Although the claim is often made that "English has more words than any other language" it is not that easy to count the number of words in English.

Counting "words"

Different studies use differing criteria when counting the number of "words", lexemes or vocabulary items in a language. Estimates for English vary between 500,000 and 2 million words. A medium-sized dictionary may contain some 100,000 entries. The New Oxford Dictionary of English, published in 1998, is the biggest single-volume dictionary and contains 350,000 words, of which 52,000 are scientific and technical words, although it avoids over-technical terminology. On the other hand, the 20-volume OED, the definitive dictionary of the English language, contains over half a million lexemes.

Would one count conjugations or past participles used as adjectives? Species names for flowers and insects which are common to all languages? Chemical names? With these you can dwarf the number of "normal" words in any language. And the 500,000 different names for fungi...

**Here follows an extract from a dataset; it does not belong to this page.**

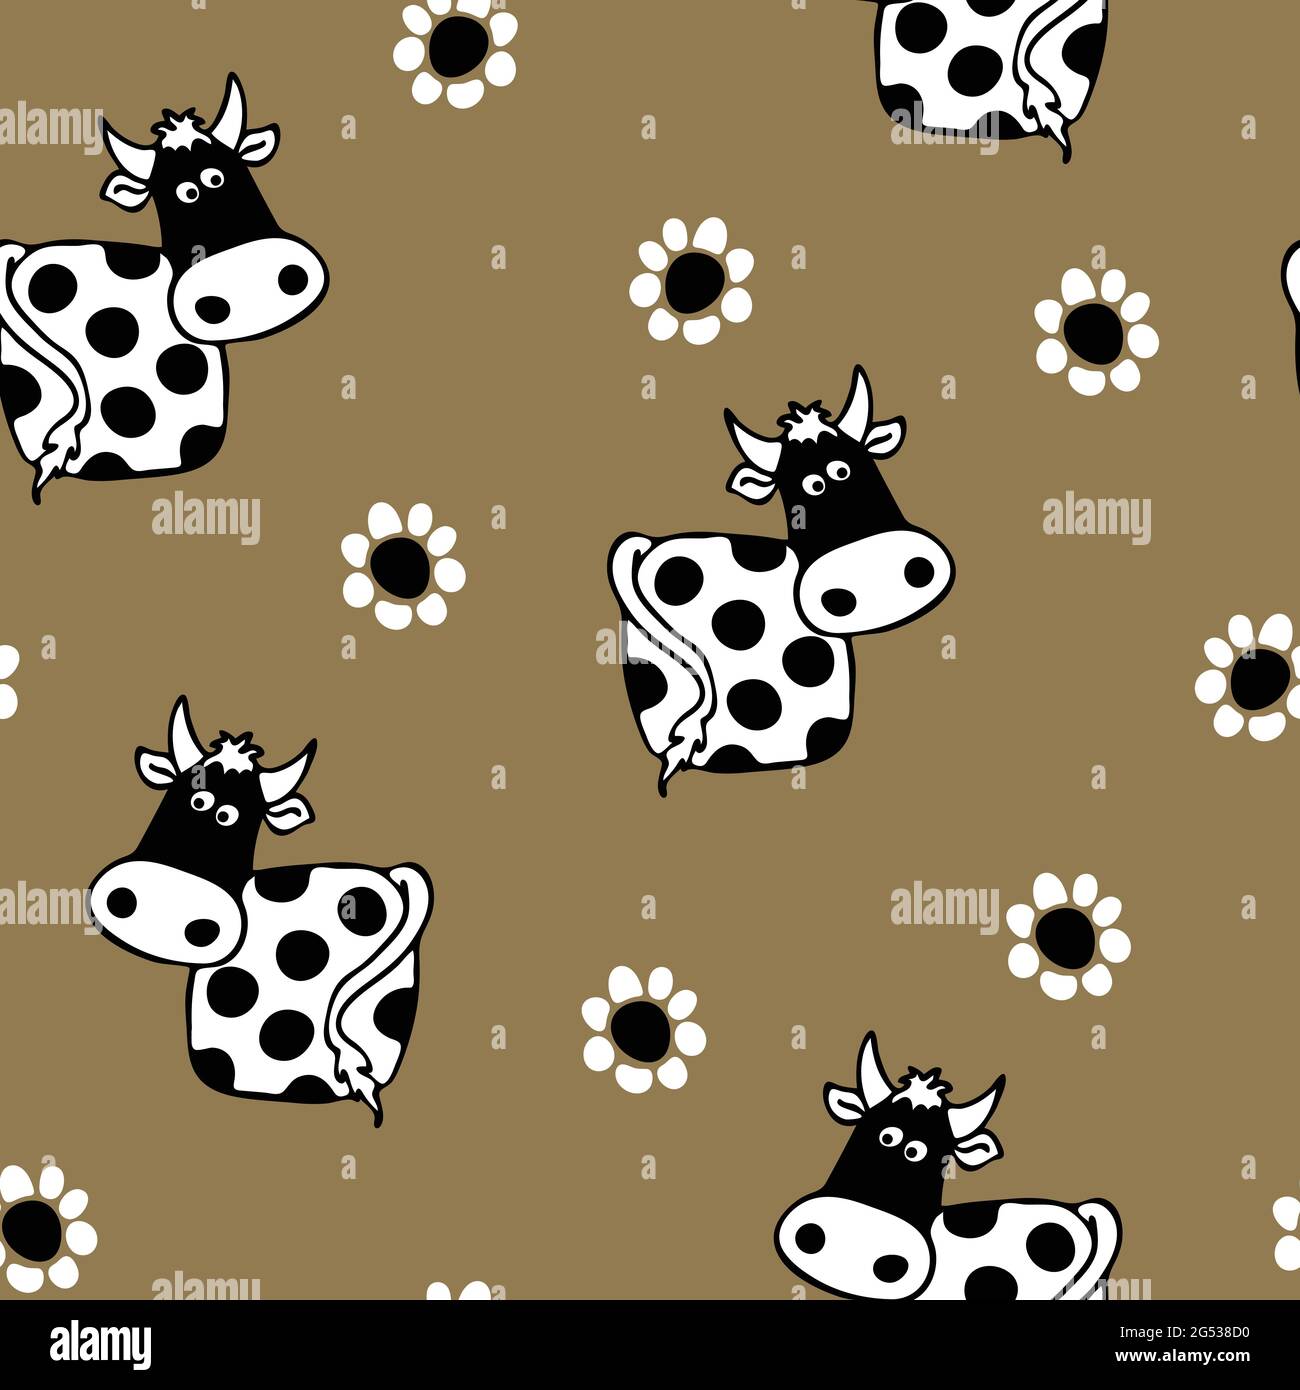 Seamless vector pattern with cow and flowers on grey background. Black and white animal wallpaper design for children. Cute fashion textile. Stock Vector

Equally difficult is the question of whether a word is actually used - it may exist but be so obsolete that it isn't used any more. Do we count it or not? Do we count slang? Do we count regional words? Do we count a word if it is used in the UK but not in the US or in all international varieties of English (including Indian English, which has a large selection of words from native languages.)

Defining words

A constant debate is whether concepts such as facts – the names of people or places and other proper names be considered as forming part of one’s personal lexicon when calculating its size. Undoubtedly, the name, or fact, Shakespeare, is as much a part of the English language as the word literature or drama. And the fact/word London is probably used more often than the word village or town. Thus, given the overlapping of criteria, calculating the size of one’s own vocabulary is complicated and must vary according to many different factors.

Likewise, terms such as UNESCO and NATO, both well-known acronyms, that is, words, on an international level, must undeniably count as being part of an educated person’s vocabulary.

If a word has two spellings, does that count as one word or two? Or two past participles like "lighted" and "lit" or "dived" and "dove"? Does "dove" as a bird count as a separate word?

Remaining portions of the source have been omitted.